Until recently, the U.S. had been pressing Islamabad to launch major operations against the Haqqani network, a militant group connected to Al Qaeda that controls a key border region where U.S. defense and intelligence officials believe Usama bin Laden has hidden.

The group has been implicated in the Dec. 30 bombing of a CIA base in Khost, a January assault on Afghan government ministries and a luxury hotel in Kabul, and in the killing of five United Nations staffers in last year's raid on a U.N. guesthouse.

But military officials have decided that pressing Pakistan for help against the group—as much as it is needed—is counterproductive.

U.S. officials believe elements of Pakistan's intelligence agency, Inter-Services Intelligence, are continuing to protect the Haqqani network to help it retain influence in Afghanistan once the U.S. military eventually leaves the country.

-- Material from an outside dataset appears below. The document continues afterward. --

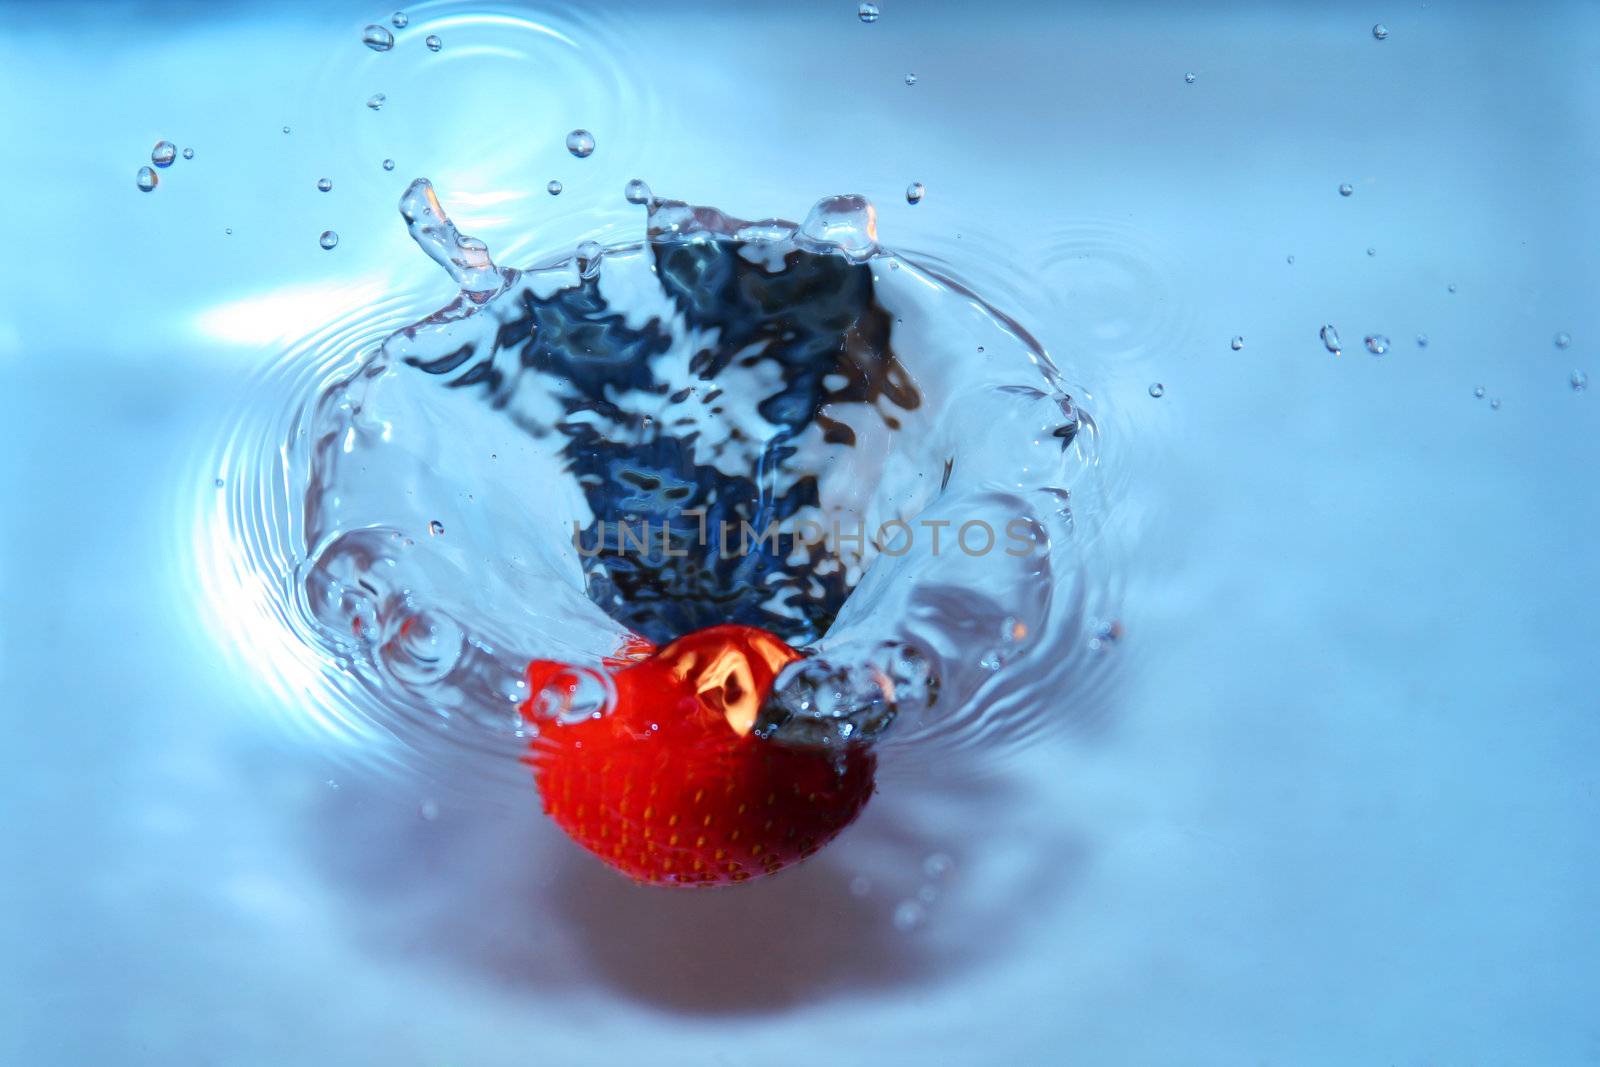 strawberry falling into water, splashing water. freshness and purity implied

U.S. officials say the support includes housing, intelligence and even strategic planning,

During a trip to Pakistan last month, Adm. Michael Mullen, chairman of the Joint Chiefs of Staff, chose not to raise the issue of an offensive against the Haqqani network—a departure from the message U.S. defense officials delivered earlier this year.

The U.S. also had intensified the pressure for Pakistani operations in North Waziristan in May after the attempted bombing of New York's Times Square was linked to militants in Pakistan.

Pakistan officials reject the U.S. conclusions about their efforts. They say they are taking significant action against militants in North Waziristan. They say their intelligence service has severed all ties with the Haqqani network.